While the language of "witch hunts" carries historical weight and rightly warns against miscarriages driven by speculation or institutional panic, applying it here to Lucy Letby's case overlooks the reality of a lengthy, evidence-led criminal process that resulted in unanimous jury verdicts after extensive scrutiny. True accountability isn't the same as persecution; it demands weighing contemporaneous records, patterns and corroborative proof, exactly what the original trials delivered over nearly 10 months.
The prosecution didn't rest on retrospective feelings or assumptions. Key elements included:
1) Stable infants collapsing exclusively or predominantly on Letby's shifts, with sudden deteriorations inconsistent with their clinical trajectories.
2) Specific mechanisms like air injection (supported by medical testimony on skin discolorations and X-rays), insulin poisoning (with lab results showing unnaturally high levels in non-diabetic babies), and other interventions.
3) Letby's presence as the consistent factor amid the spike in deaths/collapses at the under-resourced but previously lower-mortality unit.
4) Her own writings (e.g., notes expressing guilt and "I did this"), alongside hospital documents and behavioral evidence.
The juries at both trials heard from multiple experts and considered alternative explanations, including staffing issues at Countess of Chester. They still convicted on 14 counts initially, with a further retrial conviction. Appeals have been refused and while new defense panels (like those led by figures revisiting their own prior research) now offer reinterpretations favoring natural causes or poor care, these come after the fact and haven't yet overturned the verdicts in court.
Historical witch hunts typically targeted the powerless with spectral evidence, coerced confessions and no real forensic basis, often amid mass hysteria without individualized proof. Here, we have a trained professional in a position of trust, a police investigation spanning years, detailed neonatal records, statistical clustering, and physical/chemical indicators reviewed in open court. Systemic failures in the NHS are real and tragic (as inquiries like Thirlwall continue to examine), but they don't automatically negate individual culpability when one person's shifts align so precisely with harm.

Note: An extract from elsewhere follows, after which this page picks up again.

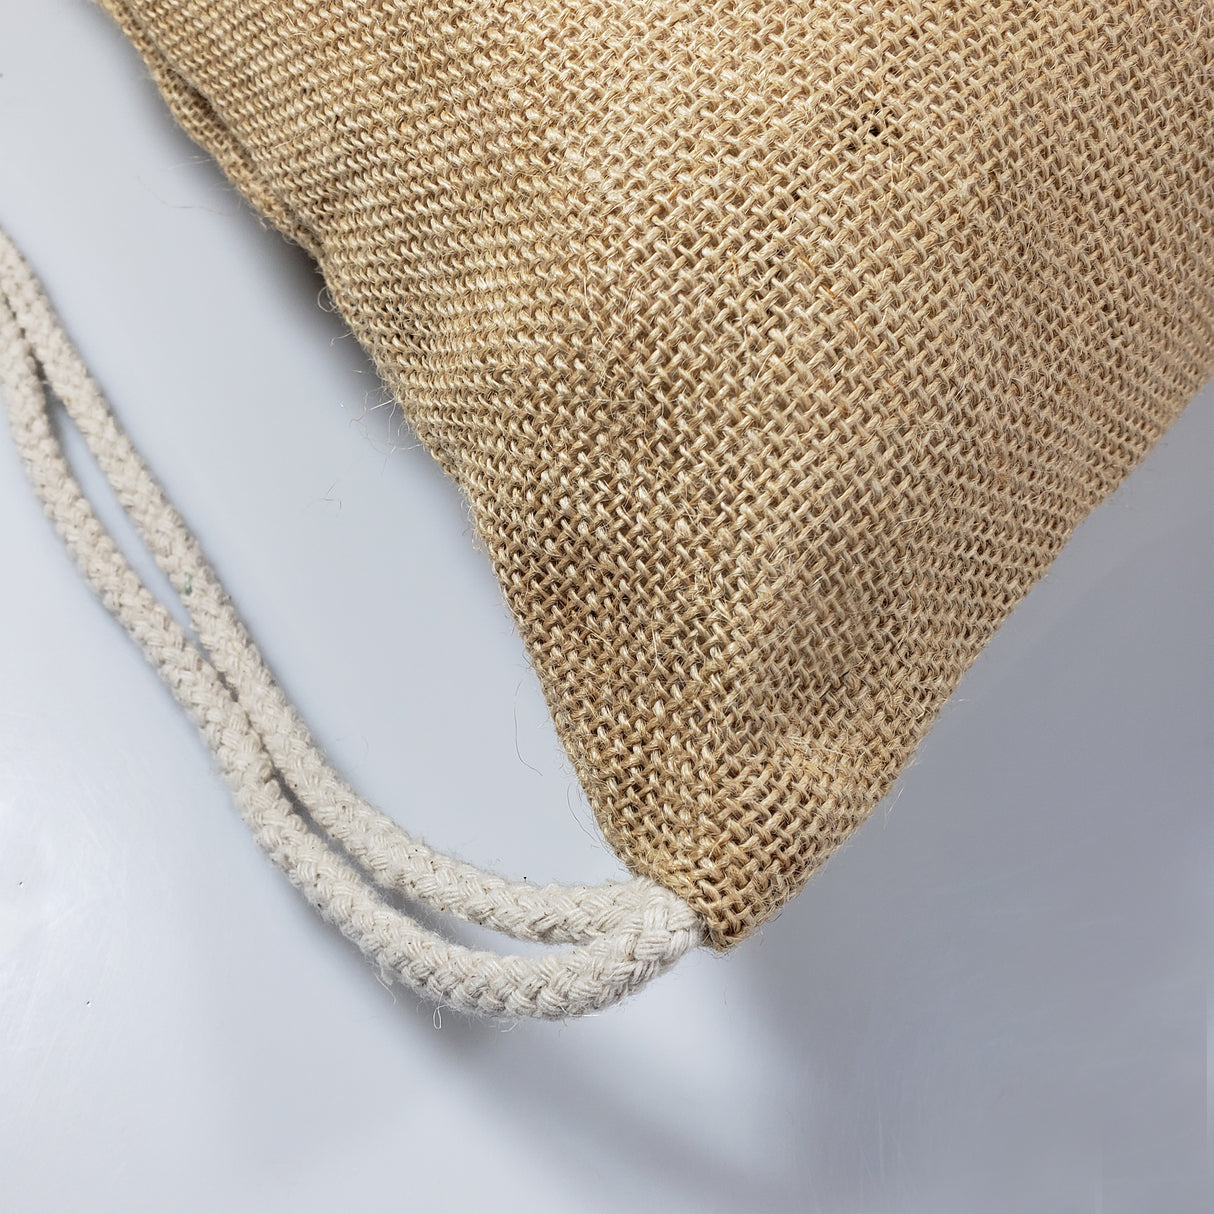 SALTY Drawstring Backpack, Jute and Cotton Backpack, Drawstring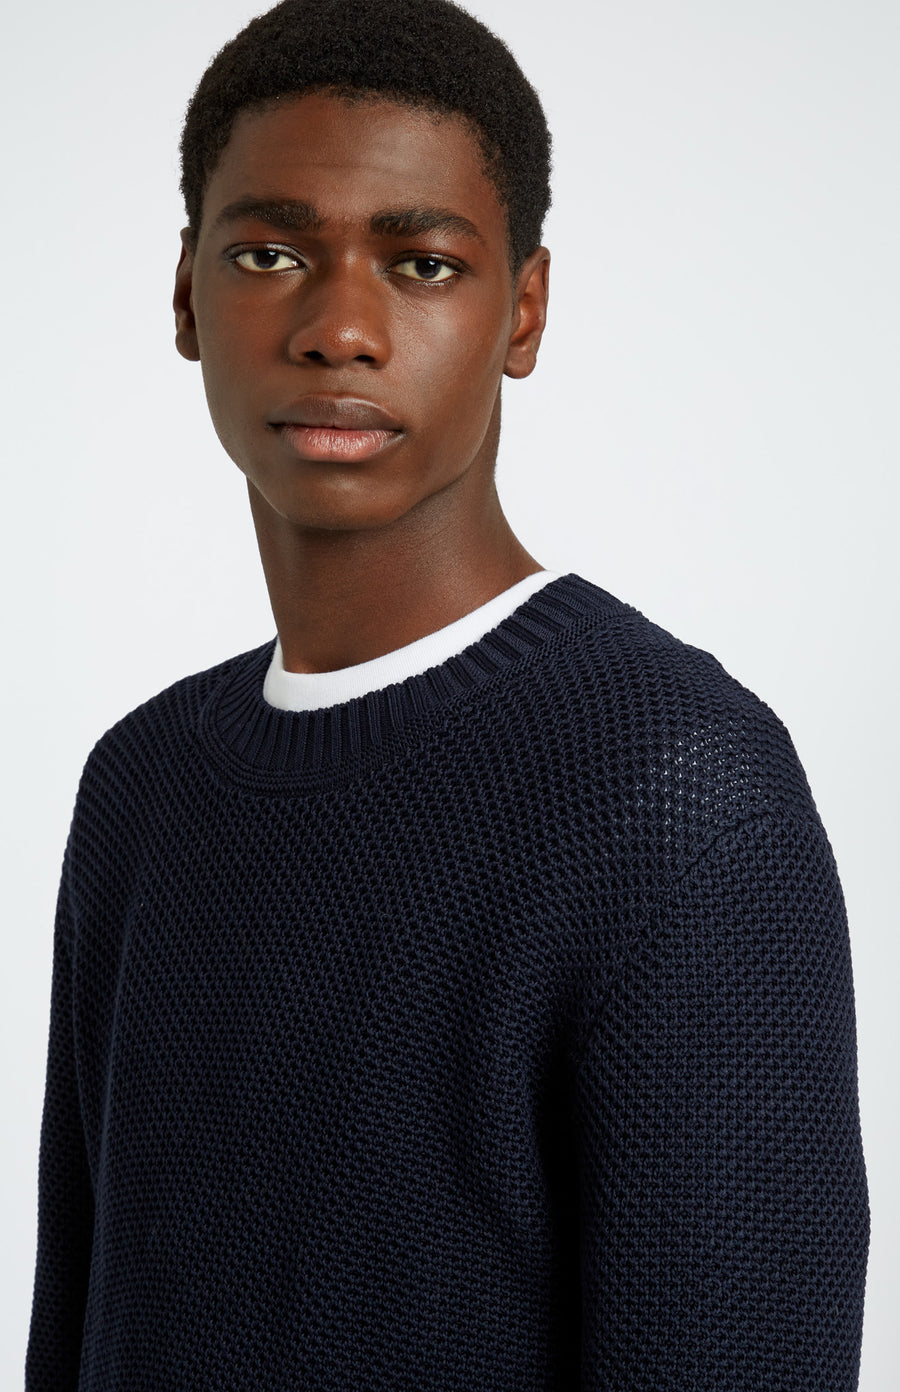 Men's Jumpers, Knitted & Cotton Jumpers

Modern "rebranded" accountability isn't persecution when juries (presented with the full picture, not selective summaries) reach verdicts beyond reasonable doubt. The victims' families deserve recognition that this wasn't abstract speculation but a pattern the court found deliberate. Claims of scapegoating warrant rigorous review via the CCRC process, but dismissing the convictions outright as a "clear cut witch hunt" risks inverting the very evidentiary standards we should uphold. The process, with its safeguards, distinguished this from historical miscarriages.